**Your task**: Which lines run from the one containing "Personnel Records of" through the end of the data? Write them out exactly, with the pictures left out.
(Material provided Opens)
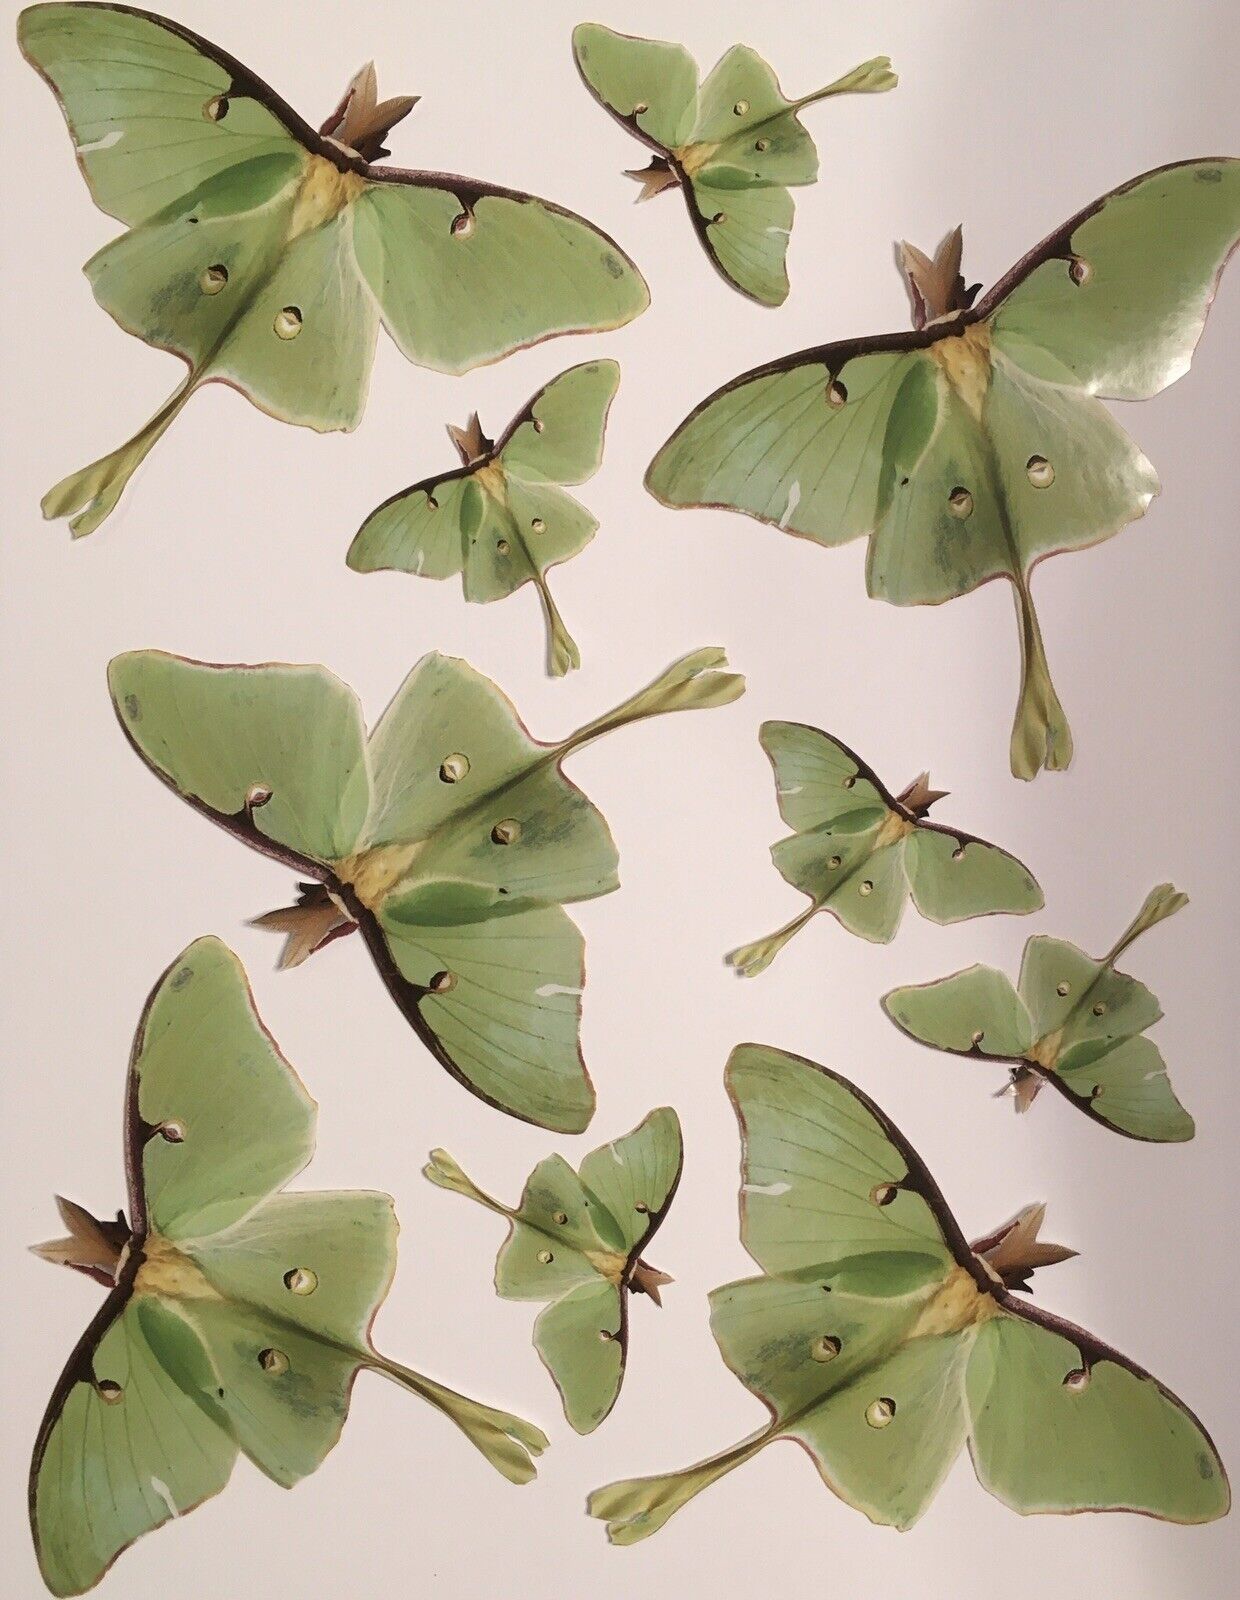 Luna Moth Stickers 10 Life-like Homemade Photograph Insect Bug 
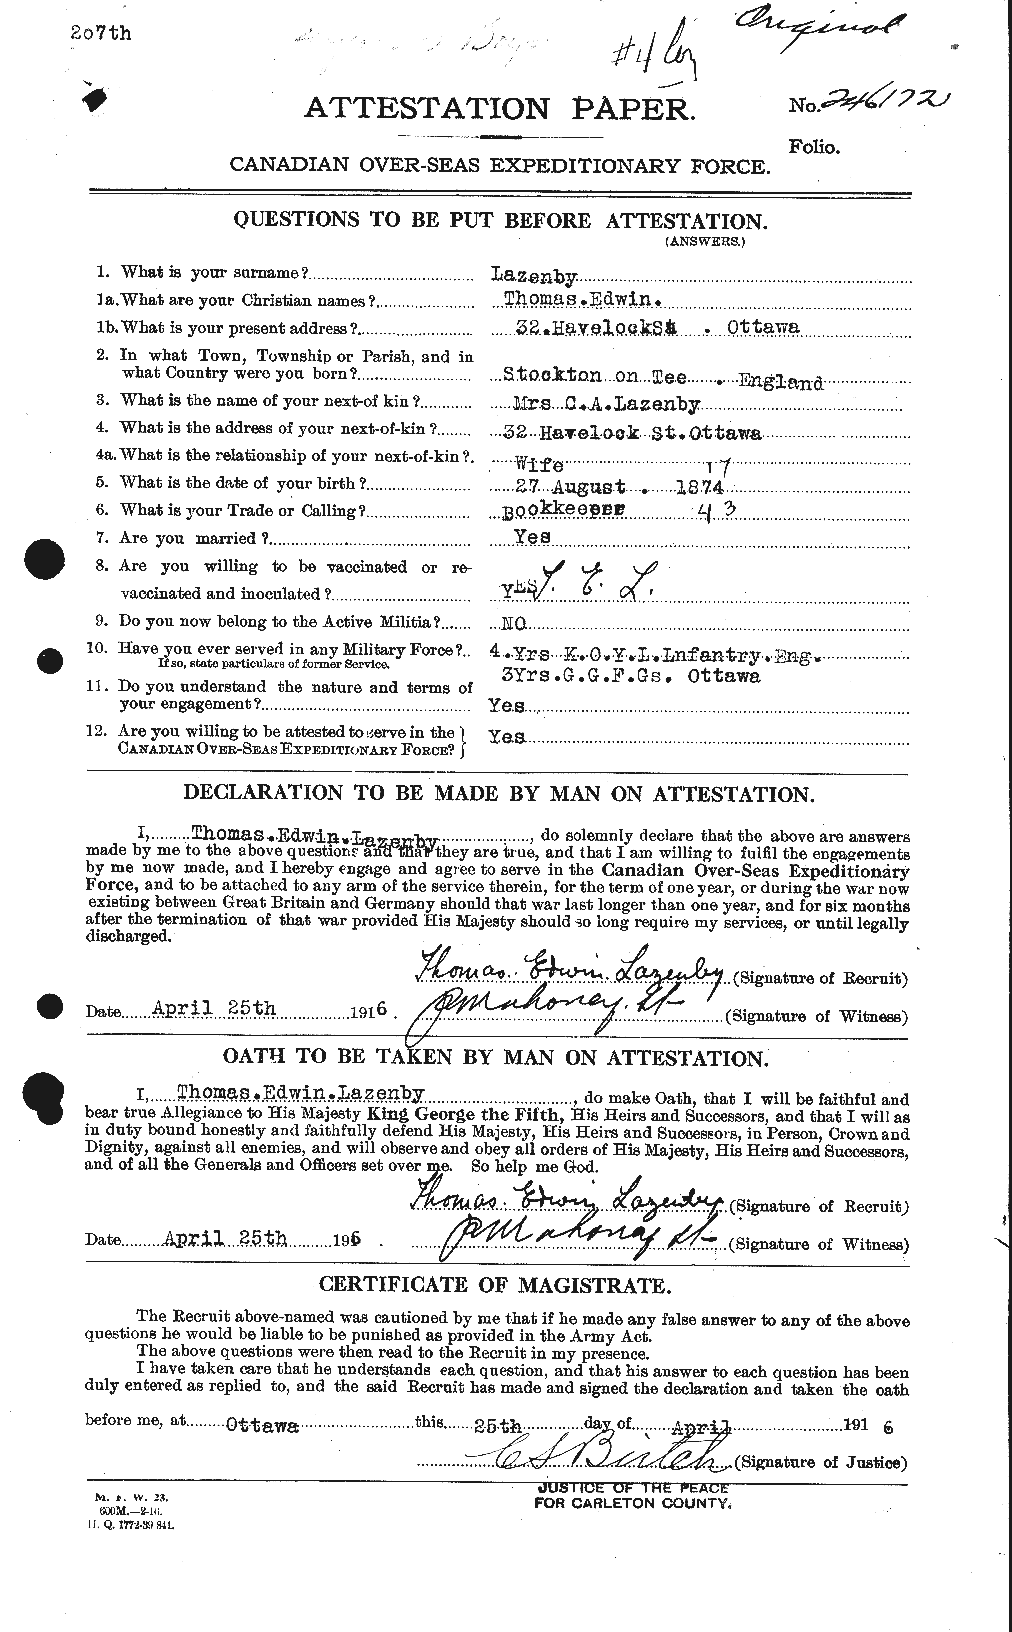 Personnel Records of the First World War - CEF 453215a
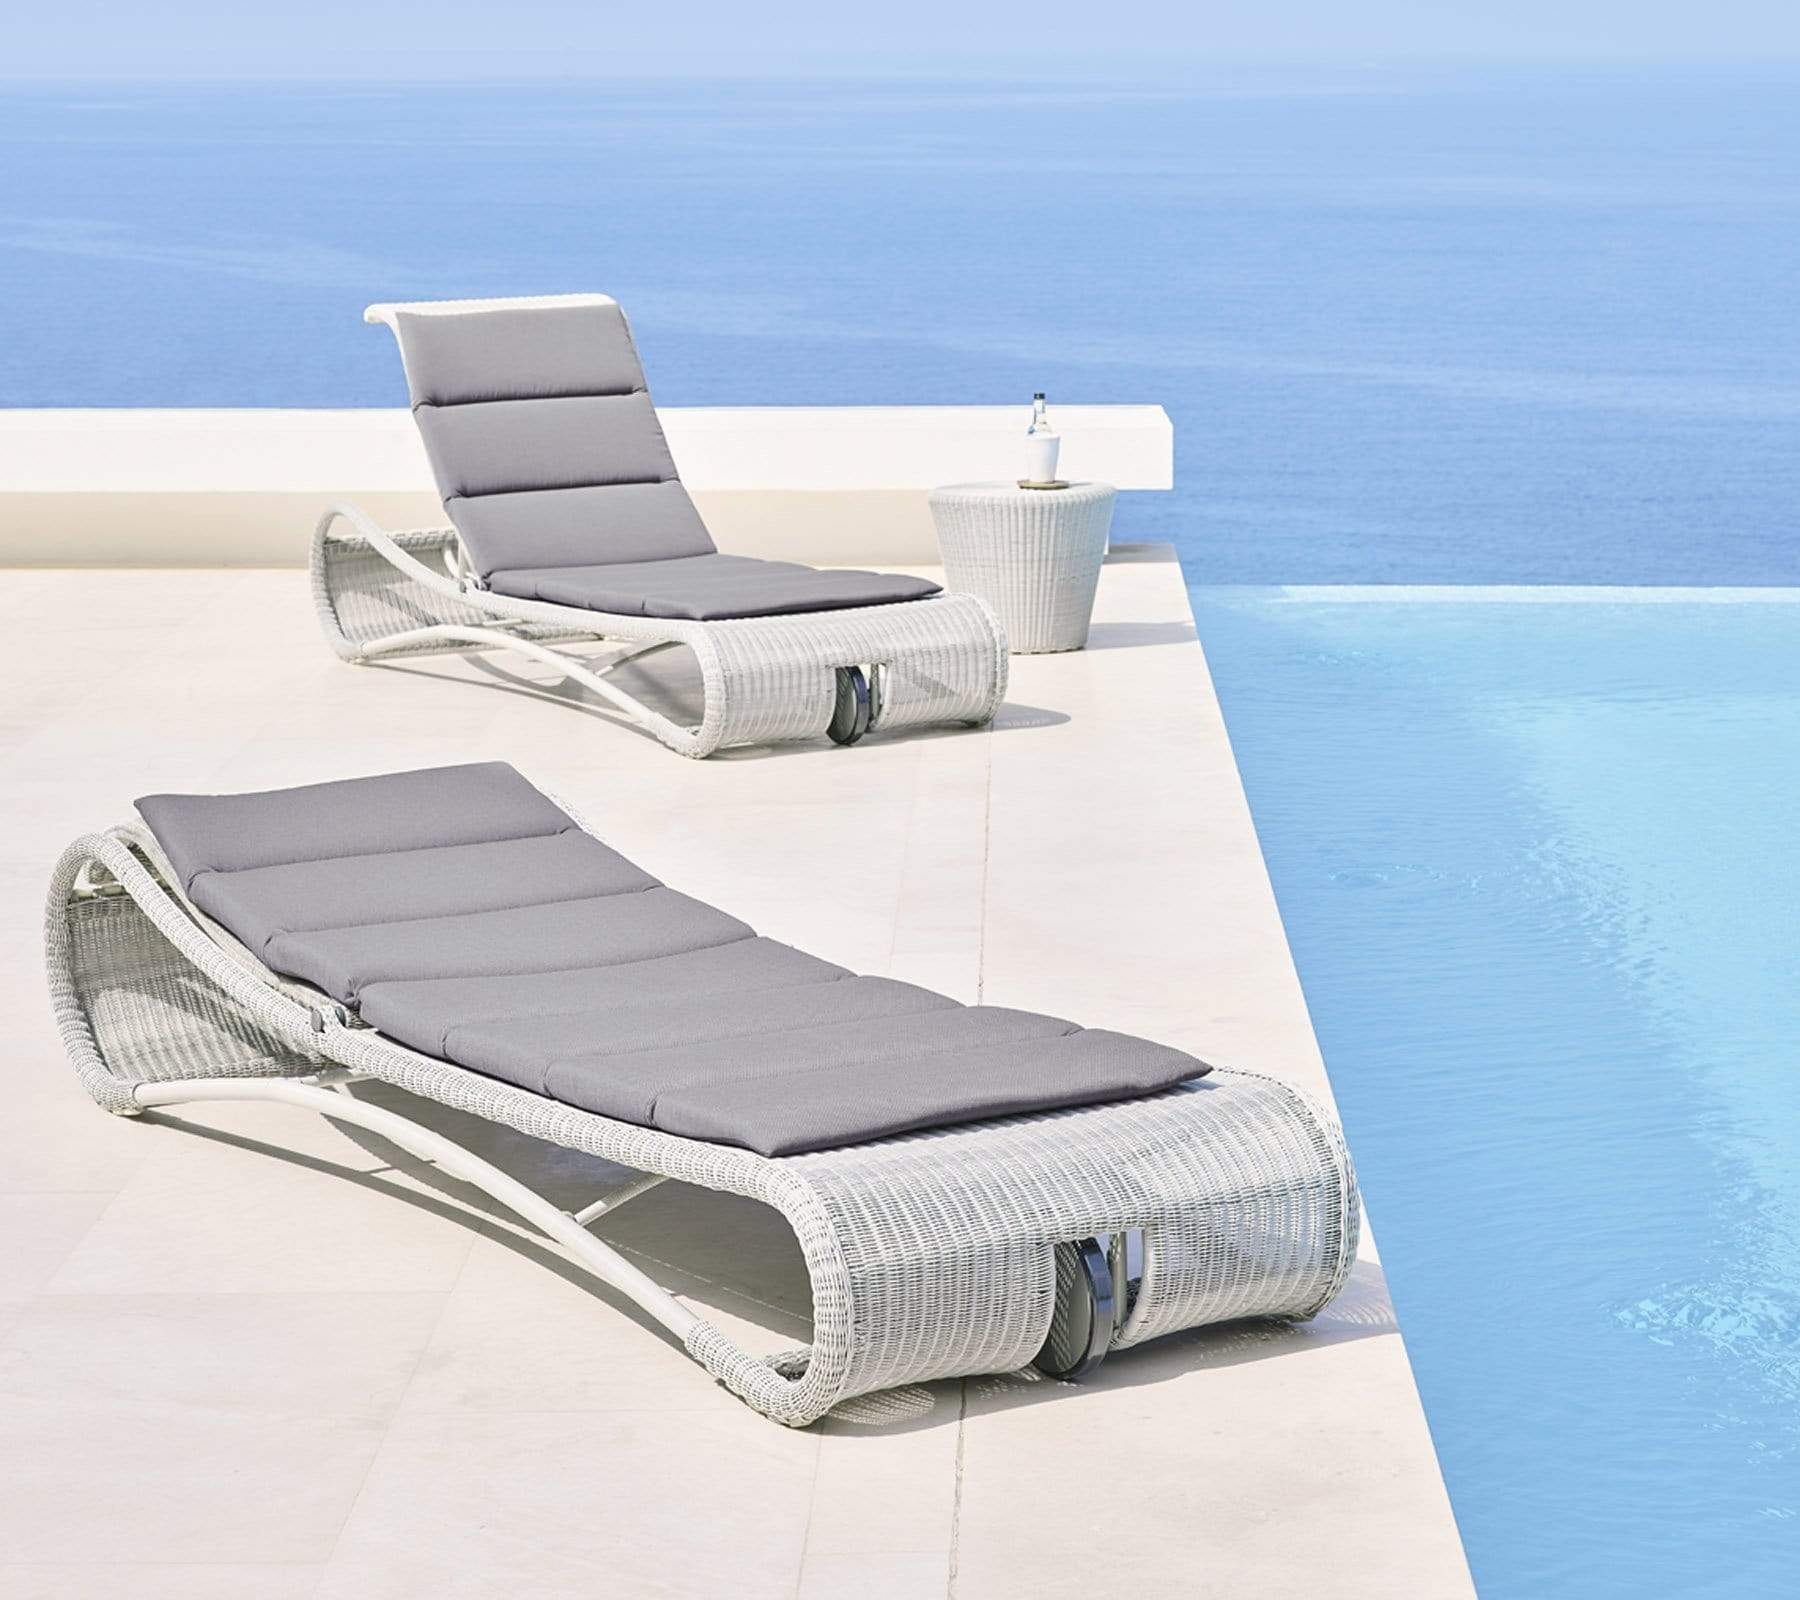 Boxhill's Escape Pool Side Sunbed White Grey Weave with Grey Cushion lifestyle image beside the pool
(Material provided Closes)
**Solution to this task**:
 Personnel Records of the First World War - CEF 453215a
 Boxhill's Escape Pool Side Sunbed White Grey Weave with Grey Cushion lifestyle image beside the pool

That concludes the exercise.